Bizarre legal battle over Charles Manson's body and estate begins in L.A. court

Bizarre legal battle over Charles Manson's body and estate begins in L.A. court
Charles Manson appears at a Los Angeles court on Dec. 11, 1969, for his arraignment. (Associated Press)

The fight over Charles Manson's body and property became more complicated after a hearing in a downtown Los Angeles courtroom Monday.

Saying that dispensing the killer's property and his remains were two different legal decisions, Probate Judge David J. Cowan told the killer's longtime pen pal and an attorney for Manson's grandson that a decision was weeks away.


Both men have to file paperwork on why they should receive Manson's body and in which county they believe that decision should be made. Attorneys for Kern County — where Manson died on Nov. 19 — are awaiting the decision since they have the killer's body on ice.

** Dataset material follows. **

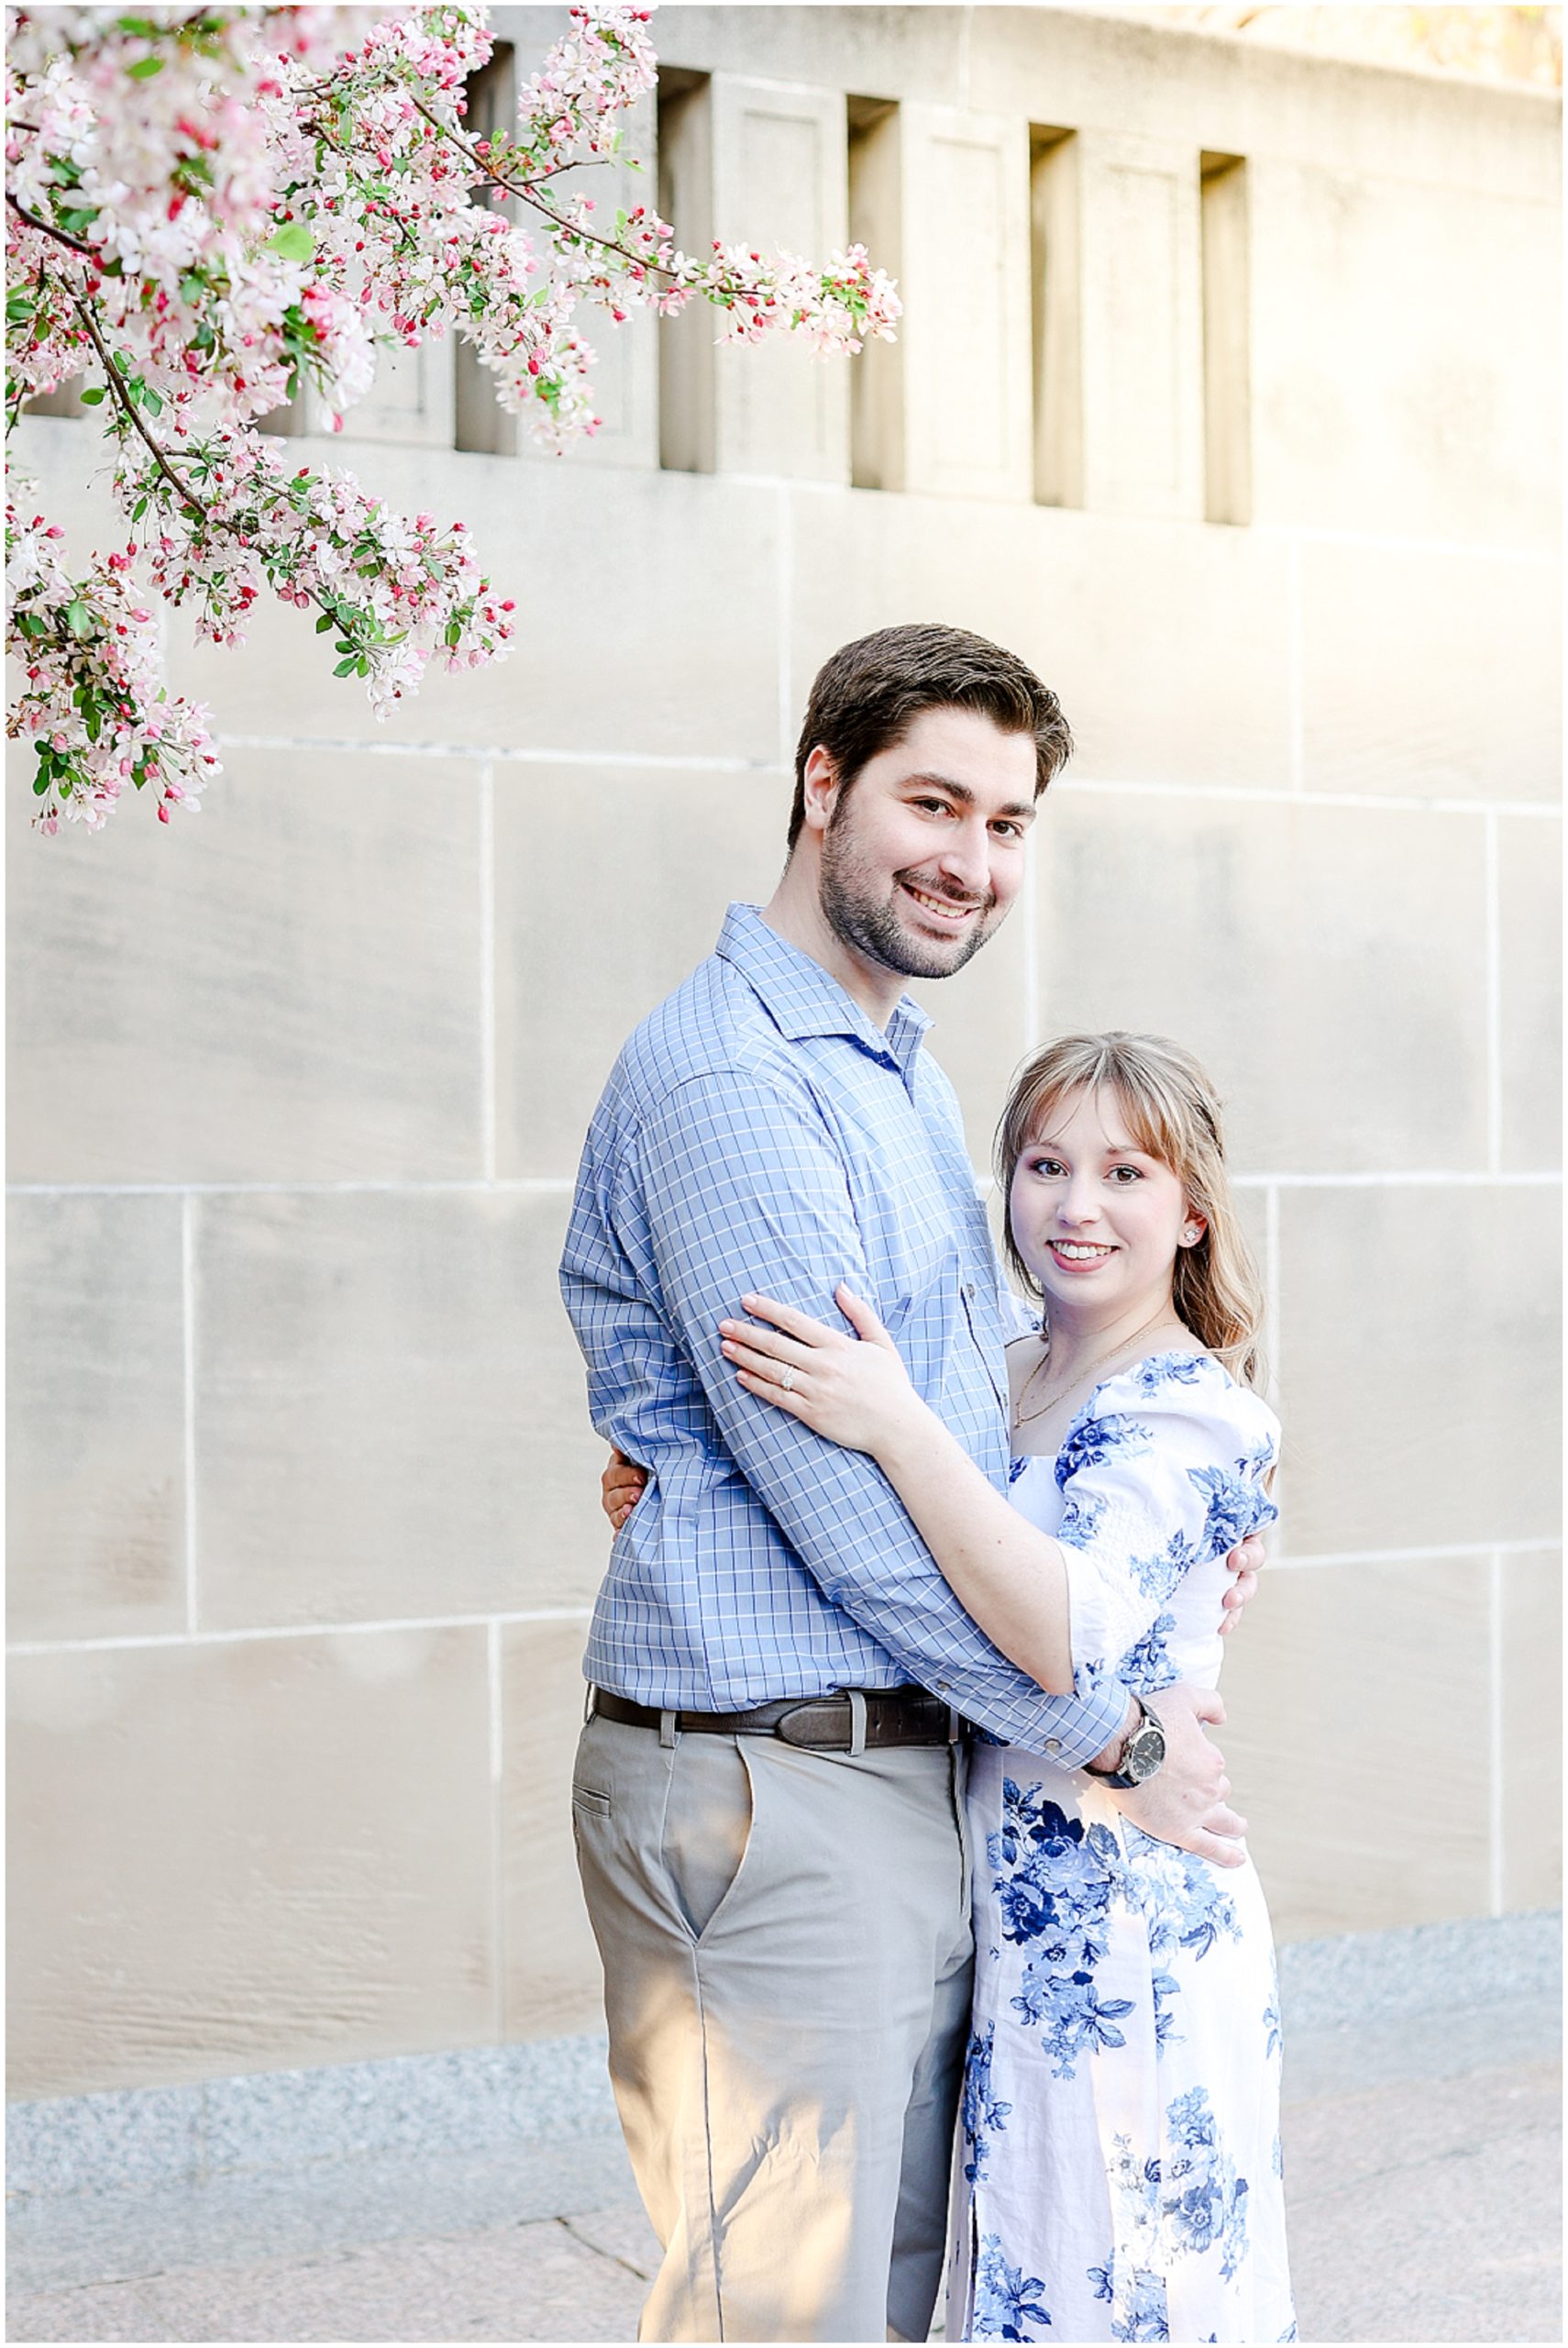 Look at what they wore for their engagement photos! Spring Engagement Photos with Ali & Connor at the Nelson Atkins Museum in Kansas City by best wedding photographer Mariam Saifan Photography - Engagement and Wedding Style Guide - What to Wear and Where to Take Your Photos in Kansas City

The judge's order Monday further delays the conclusion of the Manson saga.

Attorney Alan Davis, representing Manson's grandson, Jason Freeman, has until Friday to file a claim for Manson's remains, as well as arguments on the proper court venue. Michael Channels, a pen pal of Manson's for 30 years who says he has a last will and testament from the killer, has to respond to Davis' filing by Jan. 19.

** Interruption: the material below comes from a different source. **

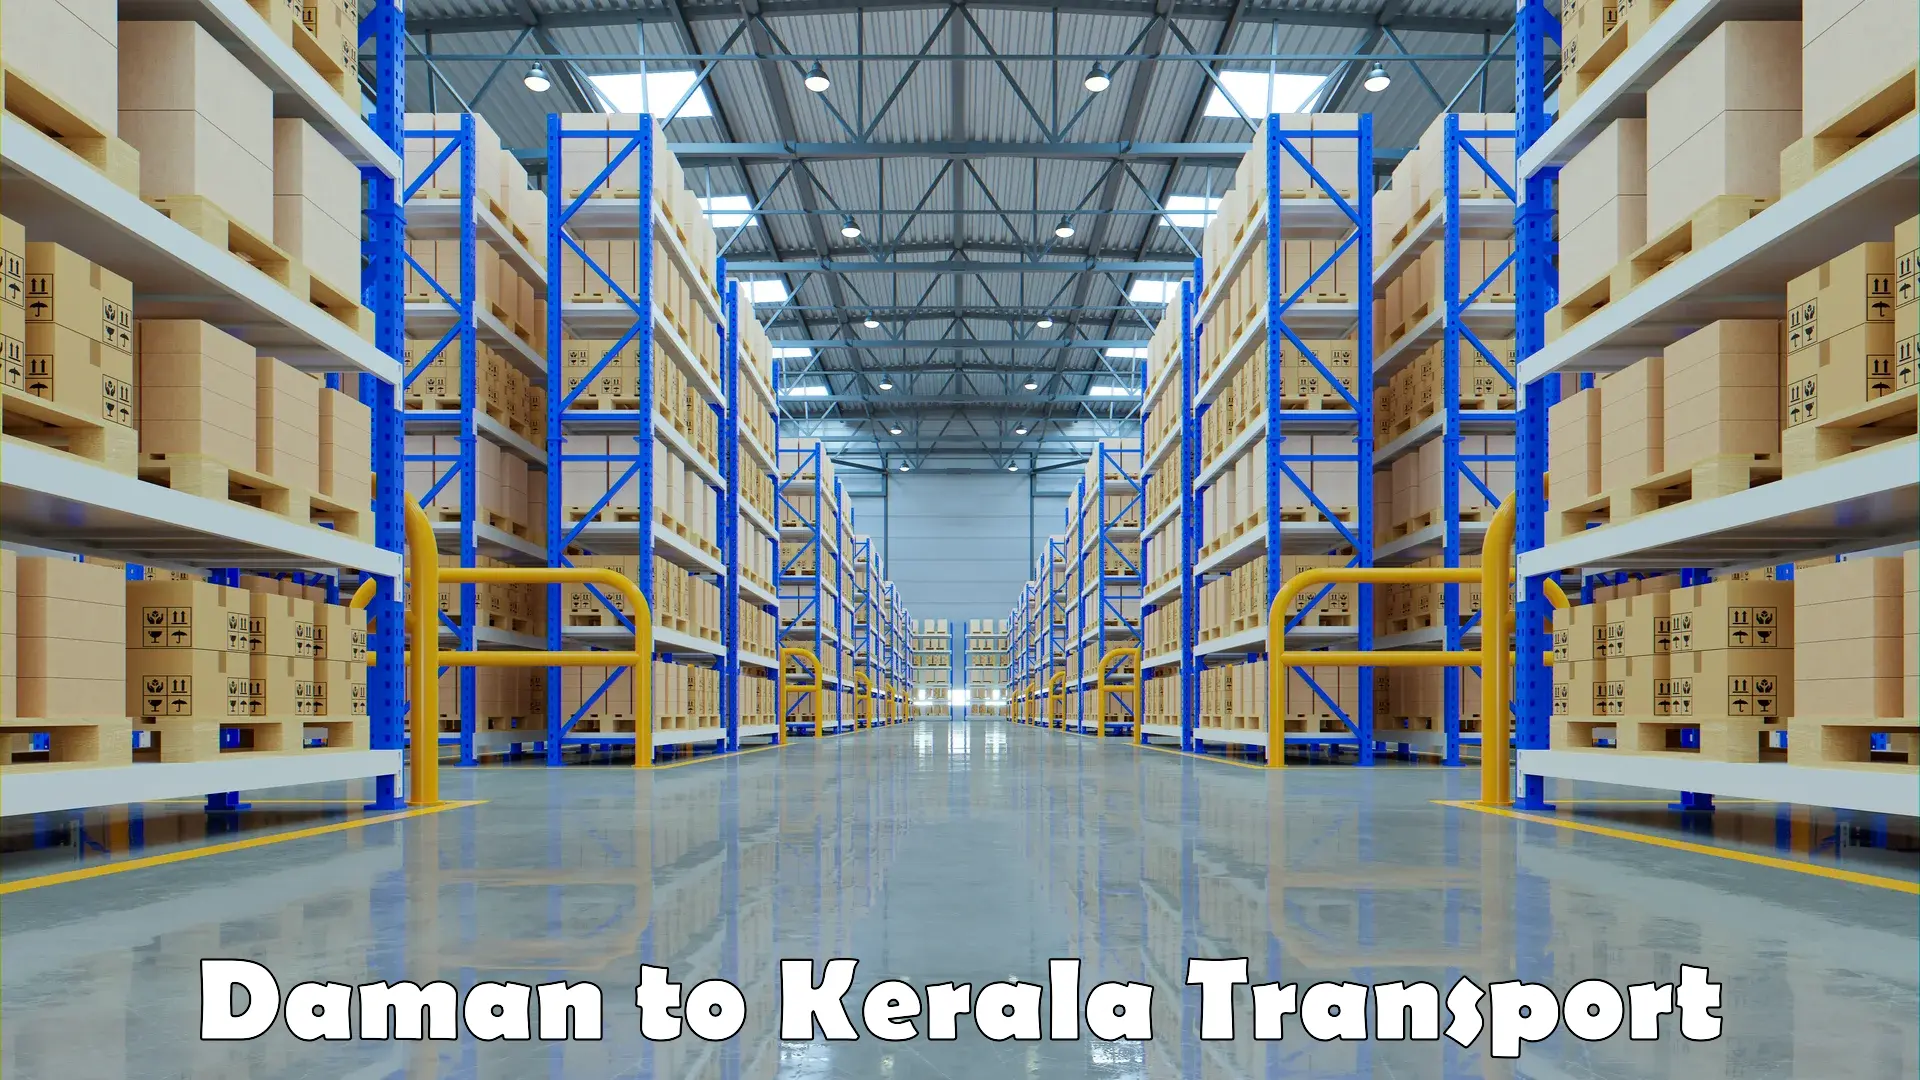 Delivery service Daman to Kerala

A judge will then decide Jan. 26 where the respective cases should be heard.

Kern County said it wasn't sure how to decide that because Manson lived in Los Angeles County before he was arrested and in Kings County when he was behind bars. State code says those decisions are made in the county where the decedent "domiciled," or lived, and they're not sure if that means before he was in prison or after.

With these legal intricacies in mind, the judge Monday told Channels that he should hire a lawyer to help.

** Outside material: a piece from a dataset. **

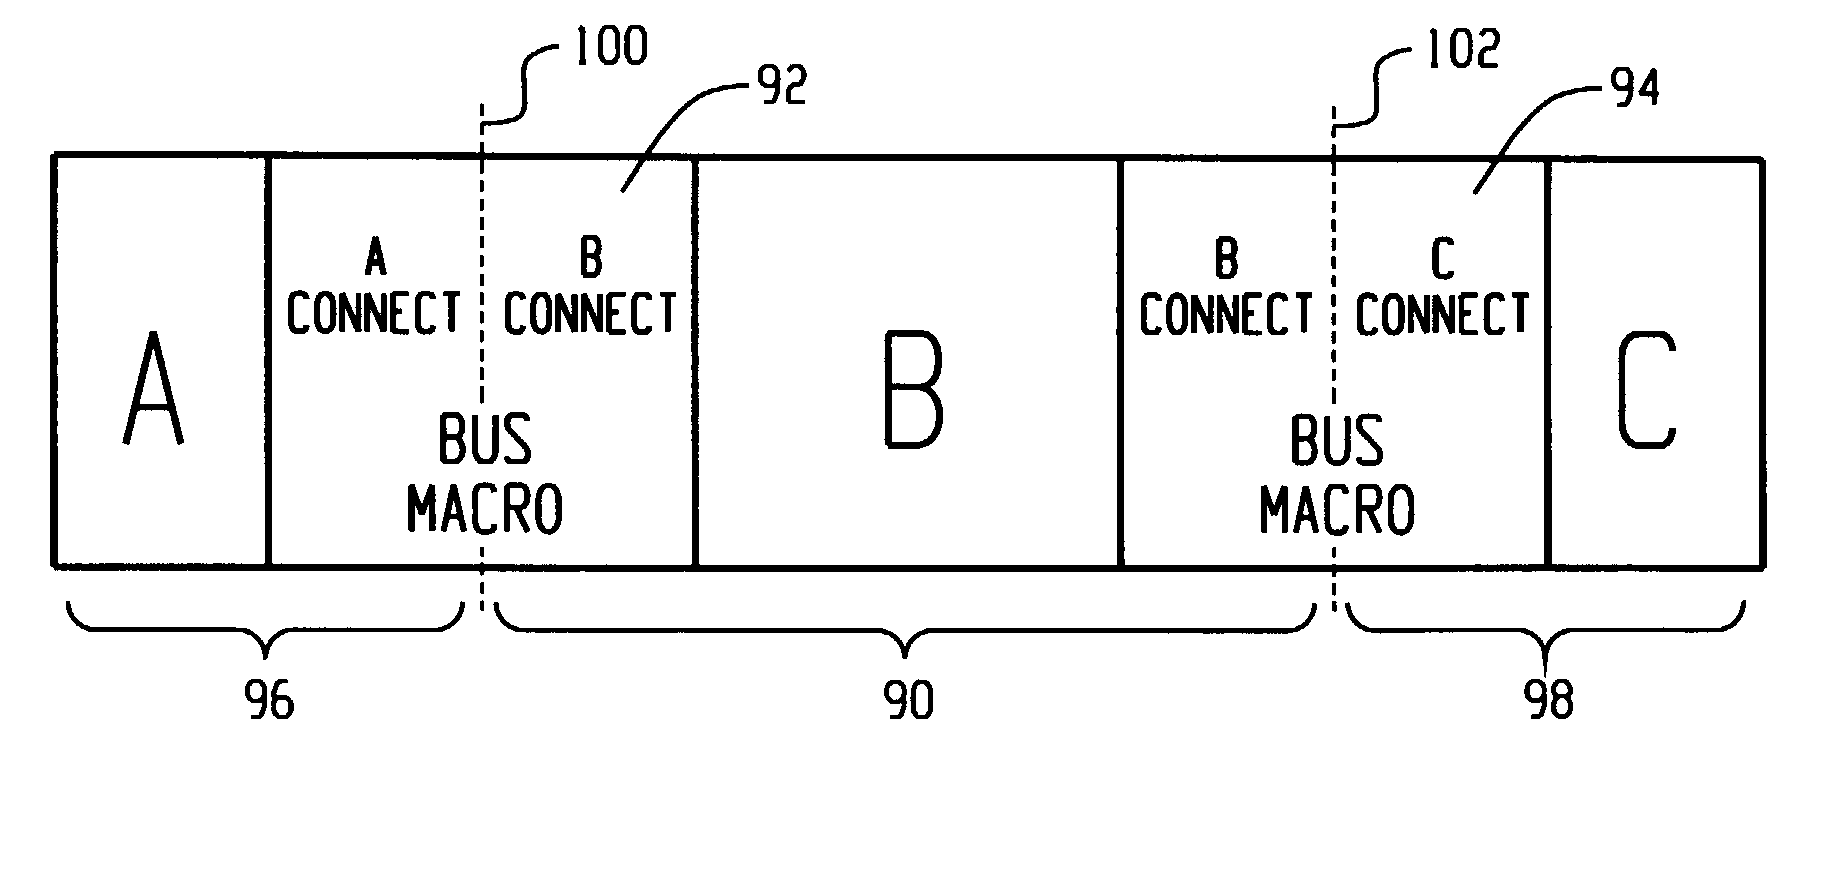 Partial reconfiguration of a programmable gate array using a bus macro

"I called 50 of them," Channels replied. "Half of them hung up on me, the other half laughed."

Channels said his relationship with Manson blossomed some 30 years ago out of morbid curiosity that led to him to first write the killer. About 15 years ago, he claims, Manson sent him a last will and testament awarding him everything.

In his spare time, he also operates the website, an online museum of the killer's photos, writings and stories. There used to be recordings of phone conversations between Channels and Manson on there, but Channels said he took them down after Manson died.

A note under the "canteen" section of the site said that it was under construction as it developed payment options to purchase "limited editions" and "hard to find" items of the Manson family. It was not immediately clear how long that note had been on the site.

Manson was the mastermind of the gory rampage that claimed the life of pregnant actress Sharon Tate and six others during two August nights in Los Angeles in 1969. The killings both terrified and fascinated the nation.

Freeman, the killer's grandson in Florida, said if he received Manson's remains, he would cremate them and spread them secretly so the location couldn't be turned into a morbid tourist destination. Channels said he would do something similar and had no plans for the killer's remaining property.

At least two other people are poised to enter the fray as well — a man in Santa Monica claims to have another final will and testament from Manson and the man's colleague claims to be Manson's biological son. But neither had filed court documents for their claims as of Monday.